Our family has a wonderful advent calendar that has 24 miniature story books the girls would read and then hang on the Christmas tree. Each book has a different part of the Christmas story. The prophecy, the journey that Mary and Joseph took, and different characters in the story. After our girls had gotten older, the reading became just tradition, then it became a burden, and then an annoyance as we forgot or were rushed or we didn’t feel like doing it. We had completely forgotten the purpose of it all. In the center of the calendar is a larger book labeled “Baby Jesus.” We completely forgot this was the goal. The goal of our Christmas should revolve around Jesus. He’s the only reason we can celebrate. If you have children, you know it is easier to share the wonder of Christmas with them when they are younger. As they get older and busier with their own things, it can be harder to slow down and find peace to remember that Jesus is the Gift we all have been given.
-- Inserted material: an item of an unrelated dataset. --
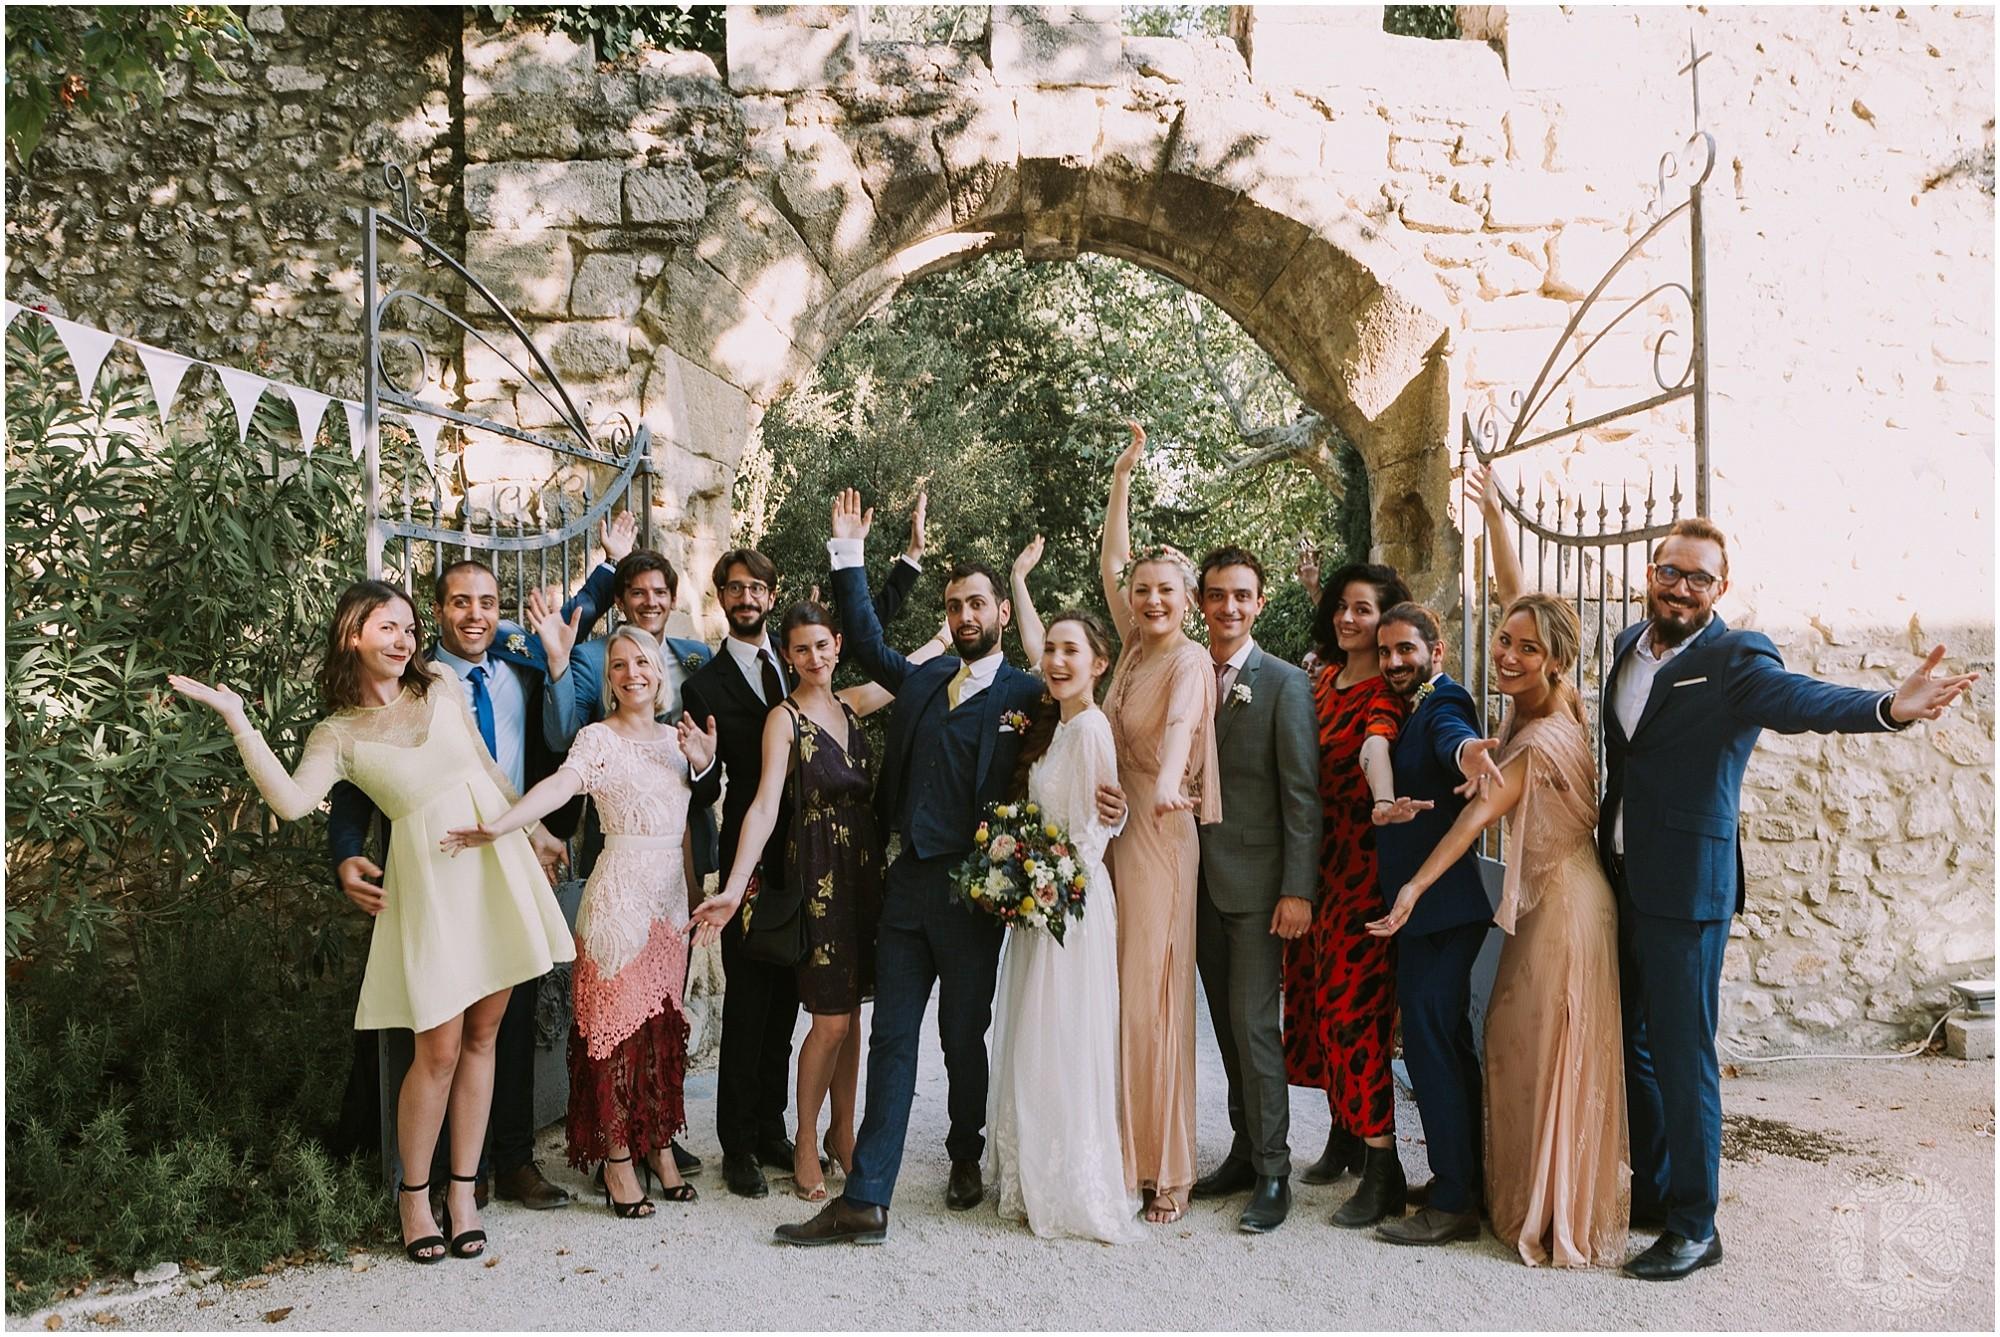 Kateryna-photos-photographe-mariage-vaucluse-provence-avignon-ferme-st-hugues_0060.jpg

This last Sunday was the second Sunday in Advent, and Pastor Chad spoke about peace and the Hebrew word shalom. As we celebrate Christmas, we remember that Jesus brought peace to the world, not an absence of war or conflict, but the presence of something better. Shalom refers to wholeness, completeness, and tranquility. If you Google the definition of shalom, you can see many beautiful references of what the word meant in the Biblical context, Old and New Testament. (In fact, I am resisting going off onto the rabbit trail of the depth of this word and how it is used. If you want to read more, I recommend this webpage

When we are in the midst of inner conflict and turmoil, God offers us peace. Not peace that removes the conflict or troubles that come with life on earth, but peace that surpasses all understanding (Philippians 4:7) and offers comfort and completeness in the midst of our situations, no matter how messy they are. That peace does not come unless we recognize the God Who offers it. Then all we have to do is take the gift. When we cry out for help in our despair, God wraps His arms around us and makes us whole. When we focus on the Messiah Who has come, we are complete. We can have peace. I truly wish you all shalom this Christmas.